Куда ни сунь свой нос, везде кокос, куда ни плюнь, везде дорога. Неясно, где он появился первым, но это был один экран. Большое электронное табло, что сообщает в большей степени гостям, чем жителям, что небезопасный кокаин заполнил улицы, что трое незадачливых британцев сдохли, не покупайте у нелицензированных вендоров, остерегайтесь уличных барыг, да и вообще валите на здоровье на хуй. Вдовесок объявление гласит, что вместо кокаина пушеры толкают героин. Как следствие, качелевидная реклама пропагандирует два стула сразу, воздействуя на обе целевые группы: на медленных и быстрых. Кому тормознуть, а кому-то ускориться. Два дула, два зайца, пастушья и гончая, аппер и даунер, короче - спидбол.
Экраны быстро засорили город. Теперь над каждым многолюдным местом висят эти дурацкие экраны. Над толпами гуляющих туристов и семейных пар, спешащих по своим делам пенсионеров, маленьких детей, бэкпэкеров, залетных хипстеров и редких алкоголиков, неистовствует пропаганда смерти. В рождественские дни в местах повышенных скоплений потенциального клиента промоутеры раздают листовки: cocaine, cocaine, don’t walk away! Если стоять на пристани, откуда отправляются паромы в северные части Амстердама, то через воду можно разглядеть слова: Cocaine, White Heroine. И плыть.
То, что нас не испугает, из нас сделает свиней. Эффект от пропаганды налицо. И без того весь город нюхает, а стимуляция рекламой усилила культ бесконтрольности. Куда бы ты ни шел, что бы ни делал, дорога кроткая приводит к одному. Приходишь в гости - водка, черная икра и кокаин. Чреволюция. Если б знали вы, как мне дороги эмигрантские вечера.
Несчастье вызывают те, кто подавляет собственные желания. Боишься сделать следующий шаг, так много думать, взвешивать, решаться, сука, почему не прет, ты сам не прешь, ты чего, блядь, чего, упоролся, браток? Охуенно жрать кайфы горстями? Вперед! Отправившись за кайфом, помни: иль со щитом, иль на щите, но без щита не возвращайся. А жизнь… что жизнь? Разменная монета. Жизнь превращается в смерть, и так и эдак. Вставай на лыжи. Бей-беги.

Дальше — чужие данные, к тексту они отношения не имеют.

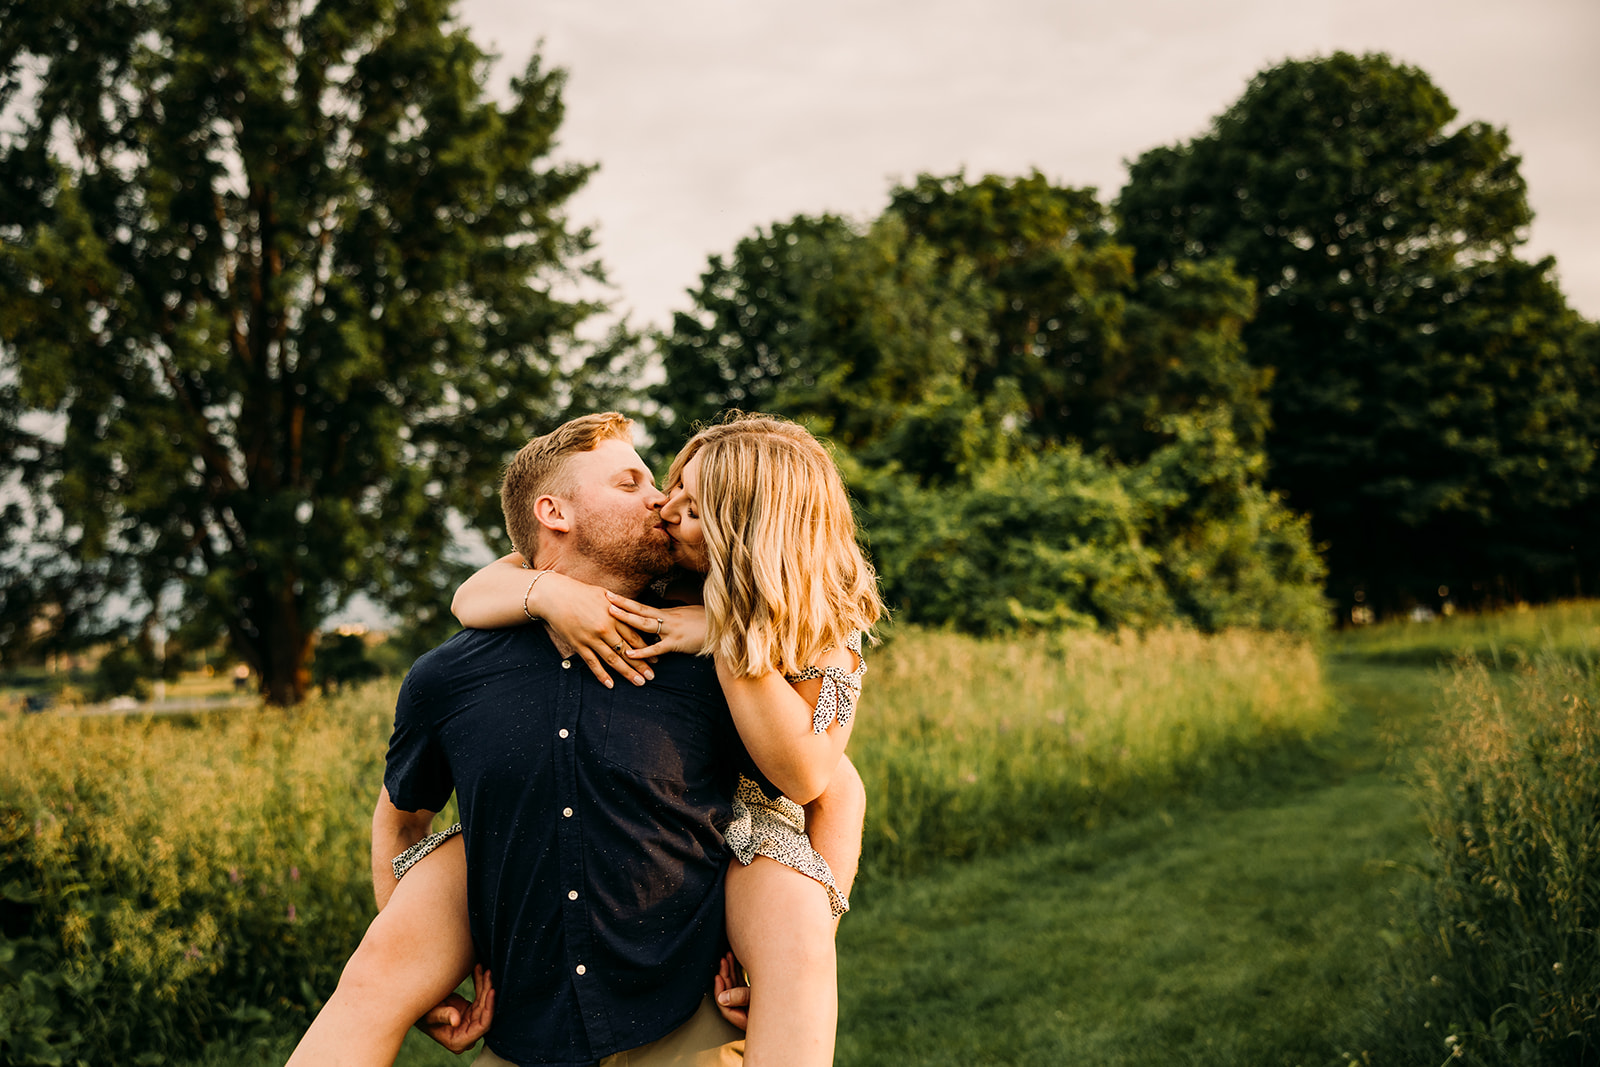 Sunset engagement photoshoot in a dreamy field

Уходишь из гостей, сердце стучит, как Калашников. Барыги потеряли скромность: кокаин, кокаин поселился в ушах. Барыги озверели в полночь: падают на хвост, не отлипают. Барыги множатся, их целый взвод по твою душу. Щемит хвост. Ты простой паренек, и с тобой твоя свита. Диавол с челядью. Снова заставляют умирать. В аду горите, черти, отвяжитесь. Я бегу, я бегу, я бегу, я бегу, я бегу, я бегу абсолютно голый…
Куда ты, тропинка, меня привела? Без снега и стужи мне жизнь не мила. И я не хочу никого, ничего.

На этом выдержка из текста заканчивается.